From a user perspective, I don't want to worry about types here, so these functions will require type assertions to differentiate between floats and ints (and maybe strconv.Atoi if string, but I'm not sold on the usefulness of that). Still, this should be relatively simple to implement.

Add the following two functions to allow the use of the above arithmetic functions to manipulate the timestamps in StartsAt and EndsAt:

  1. toUnix
  2. fromUnix

This is similar to #603 but that request has other concerns about manipulating/accessing current dates, sorting lists etc, so I thought it worth separating the two.

@brian-brazil
Copy link
Contributor

Anything like this should be done down in alert templates in Prometheus.

@roganartu
Copy link
Author

The problem with putting this in Prometheus alert templates is that it will cause a huge amount of duplication in this case.

To solve my given example with my proposal I would need to add something like the following to a single shared template in alertmanager:

{{ $url := (printf "%s?from=%s" $url (.StartsAt | toUnix | sub 1800000)) }}
{{ $url := (printf "%s&to=%s" $url (.EndsAt | toUnix | add 1800000)) }}

That I can then include wherever needed with {{ template "grafana.link.href.partial" . }}.

To achieve the same if these functions instead existed in Prometheus alert templates would require adding the following to every single rule:

annotations:
  start_unix: {{ .StartsAt | toUnix | sub 1800000 }}
  end_unix: {{ .EndsAt | toUnix | add 1800000) }}

As well as having a line in the alertmanager template to extract the annotation anyway.

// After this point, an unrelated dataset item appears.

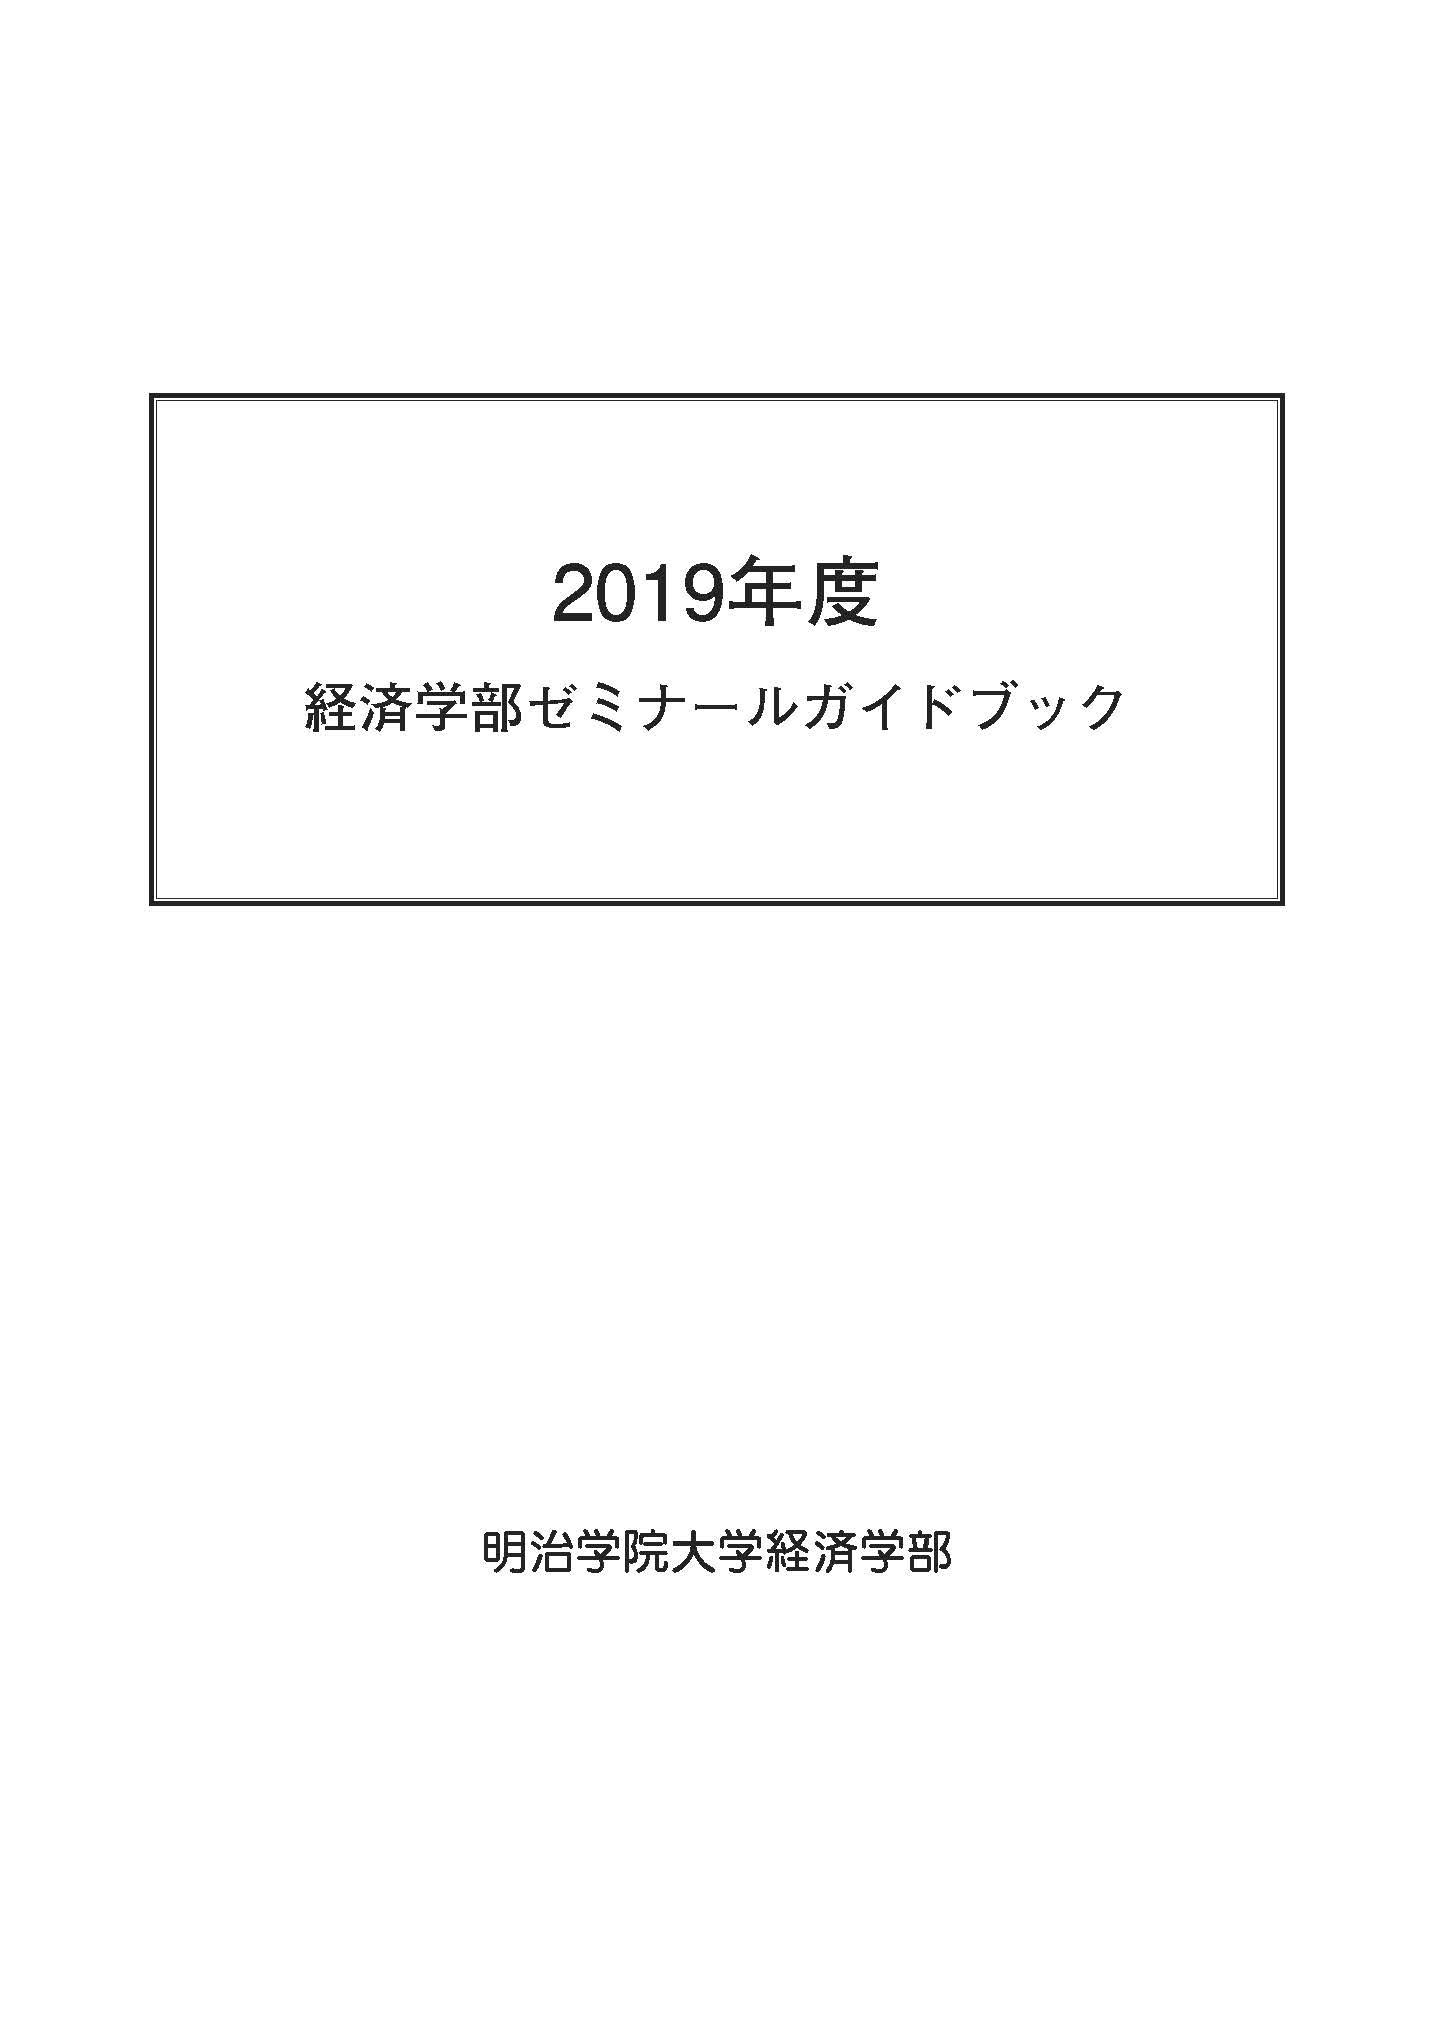 /image/2019seminar.fall.frontcover.jpg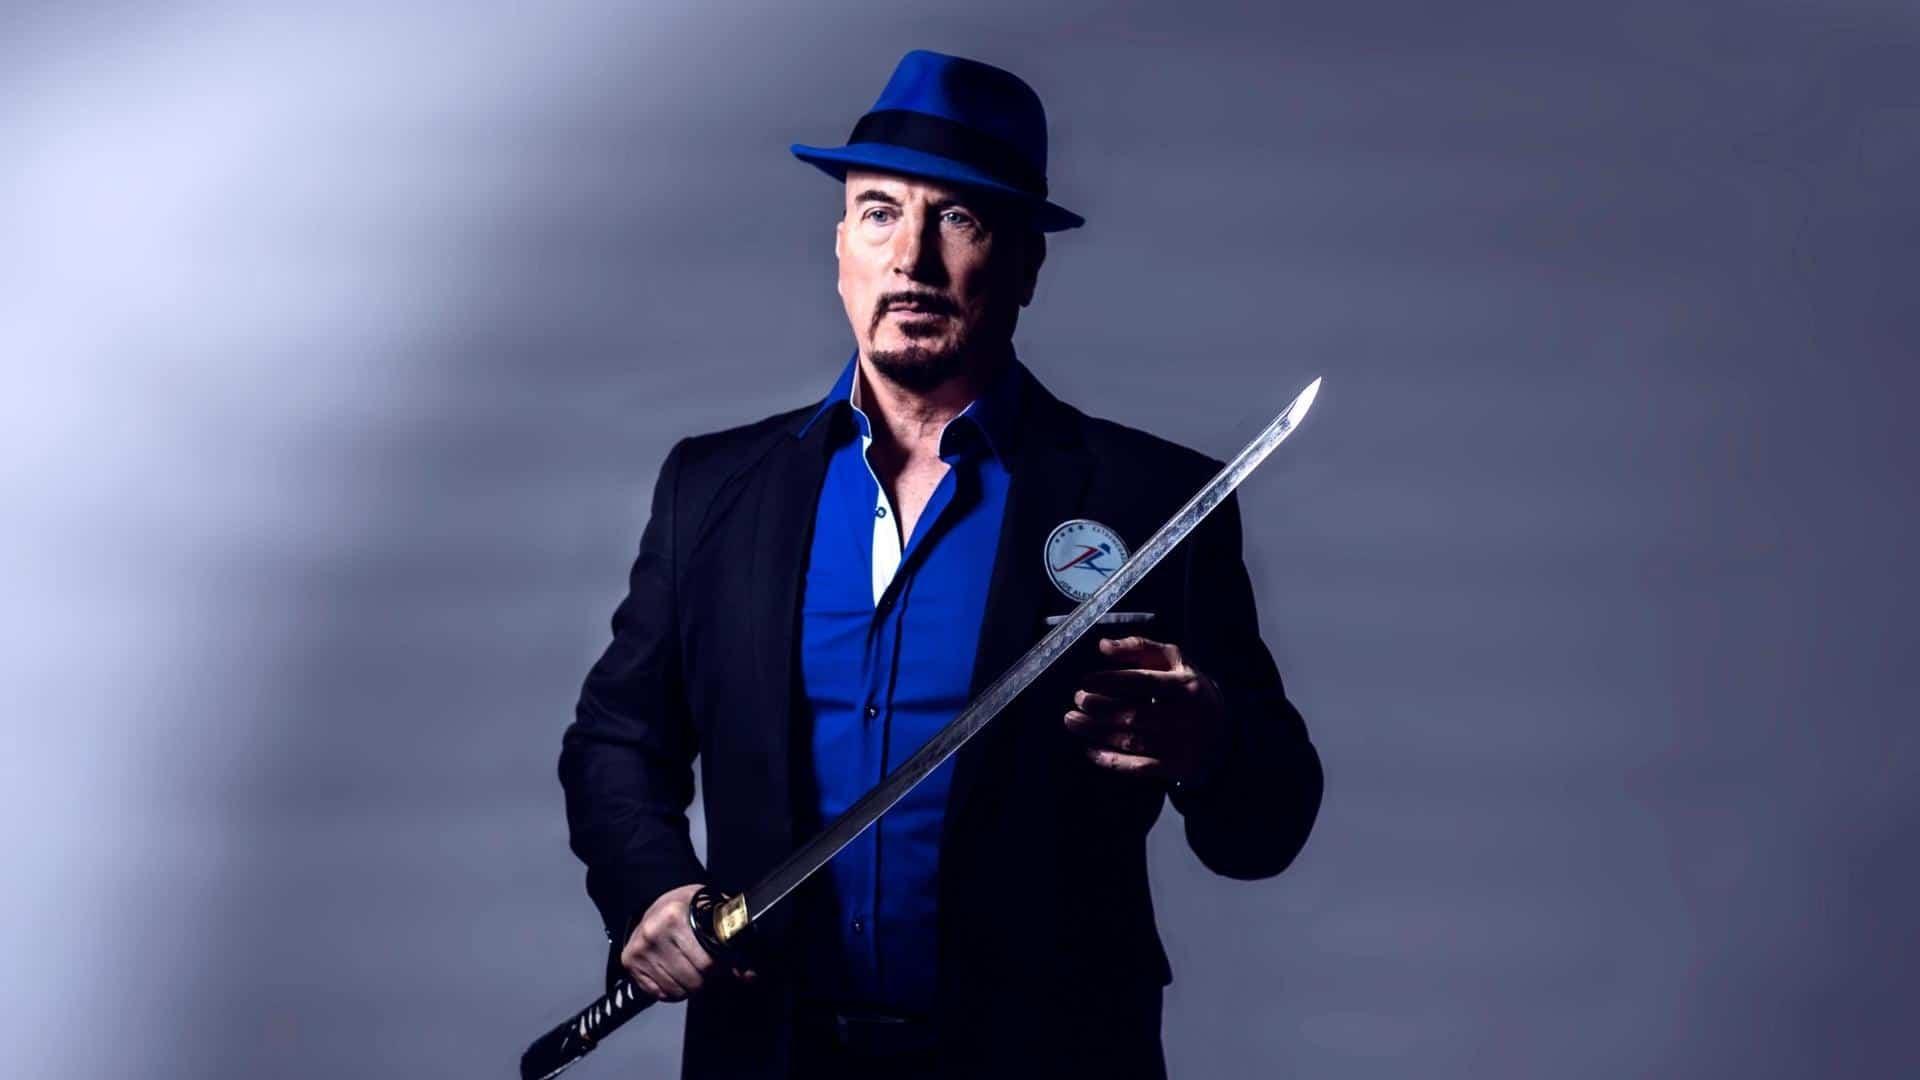 joe-alexander-coaching-business-samurai

Additionally, timestamp data seemingly isn't exposed to Prometheus alert templates. Unless I'm missing something, only labels and the raw sample value are exposed: https://github.com/prometheus/prometheus/blob/master/rules/alerting.go#L196-L202
Even if this timestamp data were to be exposed to the template here it wouldn't be the ActiveAt timestamp (same as StartsAt in alertmanager?), which is the useful one for this example.

@brian-brazil
Copy link
Contributor

The StartsAt and EndsAt aren't exactly reliable, and may be zero depending on the current state of the alert. They're more an implementation detail than anything.

Usually you also want context on an alert, not merely when it get bad enough to start firing. What I'd suggest is creating links to Grafana with fixed parameters such as &from=now-6h&to=now or rely on the defaults for the dashboard which (presumably) have an appropriate value for the time range already.

@carlosflorencio
Copy link

Ugly workaround for now:

groups:
- name: testalert
  rules:
  - record: grafanaFrom
    expr: vector((time() - (30*60))*1000)
  - record: grafanaTo
    expr: vector((time() + (30*60))*1000)
  - alert: IgnoreAlert
    expr: vector(1)
    for: 10s
    labels:
      severity: major
      grafana: "http://grafana.board.local?{{ printf \"from=%.0f&to=%.0f\" (query \"grafanaFrom\" | first | value) (query \"grafanaTo\" | first | value) }}"
    annotations:
      summary: Daily alert test summary
      description: Daily alert test description

@simonpasquier
Copy link
Member

Note that the grafana link should be an annotation and not a label (see prometheus/prometheus#4652 for the details).

@ServerNinja
Copy link

ServerNinja commented Feb 6, 2019

The StartsAt and EndsAt aren't exactly reliable, and may be zero depending on the current state of the alert. They're more an implementation detail than anything.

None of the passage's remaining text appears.